Is Not Contained In#
Check: is-not-contained-in-check
Purpose: Verifies that the values in the specified columns are not contained within forbidden sets. Useful for blocking unwanted states, codes, or categories early in the pipeline.
Python Configuration#
from sparkdq.checks import IsNotContainedInCheckConfig
from sparkdq.core import Severity
IsNotContainedInCheckConfig(
check_id="block_test_status_and_invalid_countries",
forbidden_values={
"status": ["TEST", "DUMMY"],
"country": ["XX"]
},
severity=Severity.CRITICAL
)
Declarative Configuration#
- check: is-not-contained-in-check
check-id: block_test_status_and_invalid_countries
forbidden-values:
status:
- TEST
- DUMMY
country:
- XX
severity: critical
Typical Use Cases#
✅ Block processing of test or dummy records in production datasets.

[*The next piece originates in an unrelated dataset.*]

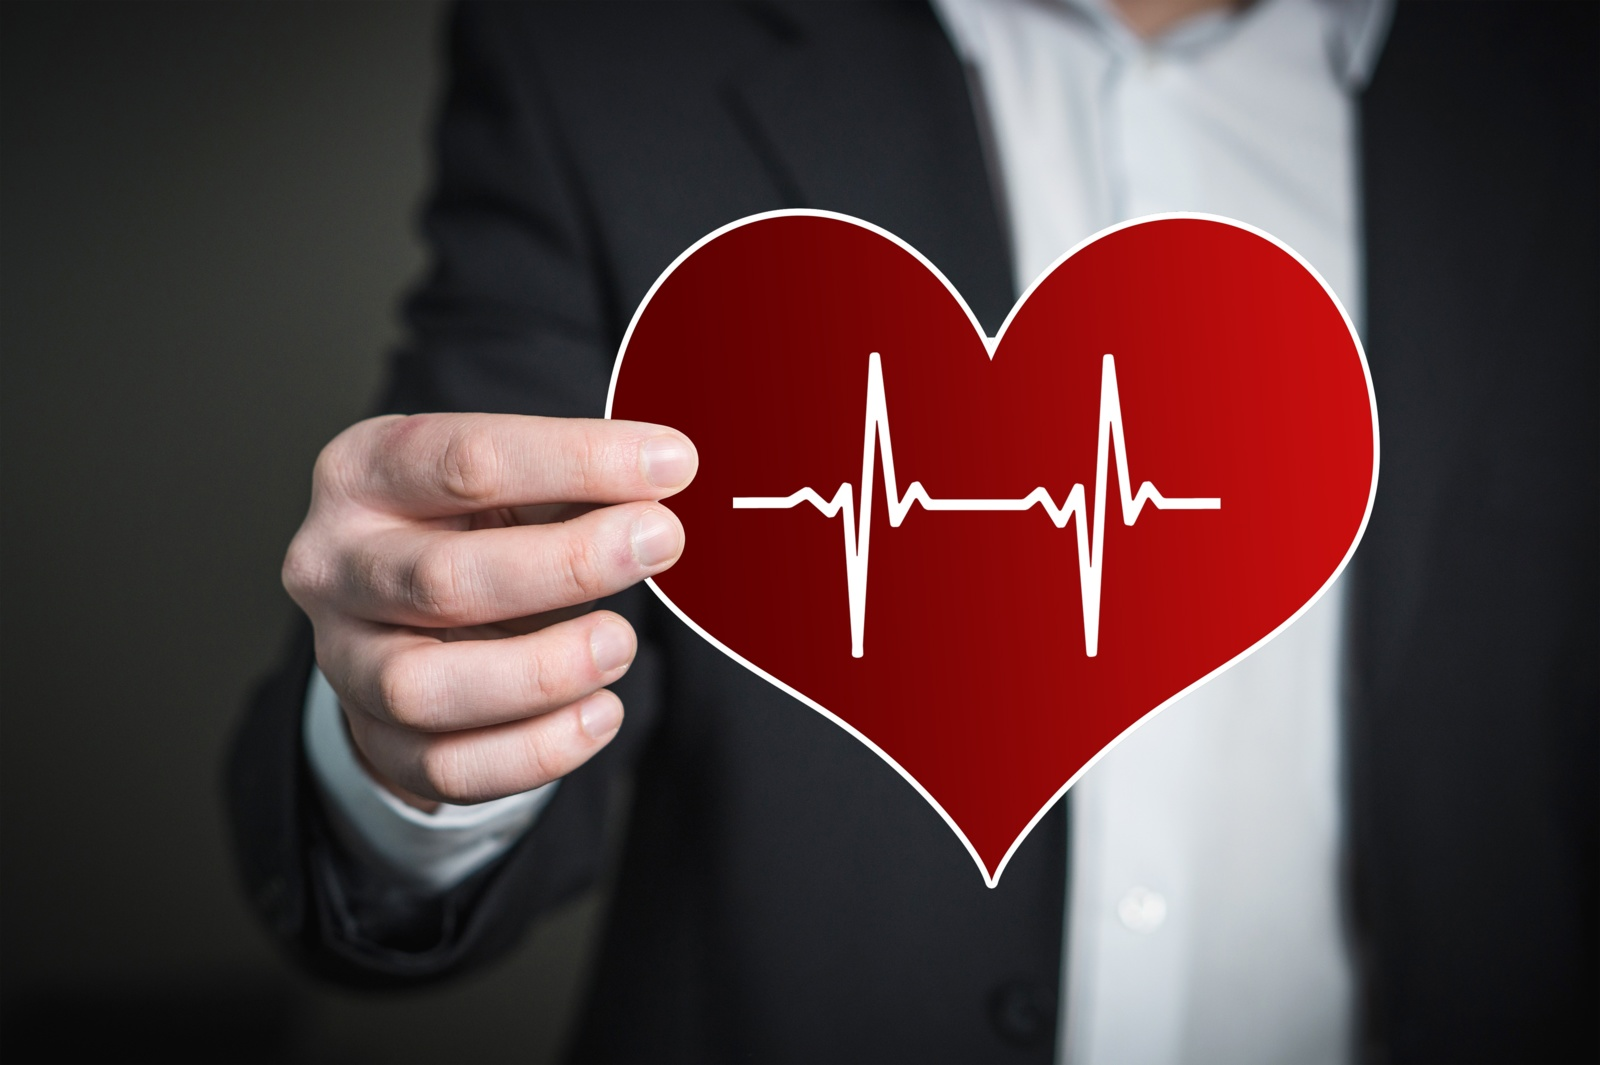 hipertenzija galite gerti

✅ Enforce that no invalid country codes (like
XX
orZZ
) are present.✅ Detect entries with forbidden status values (e.g.,
DELETED
,CANCELLED
).✅ Clean datasets by preventing known bad categories or invalid mappings.
Supported Data Types#
This check supports any data type that can be compared using equality (e.g., strings, integers, dates).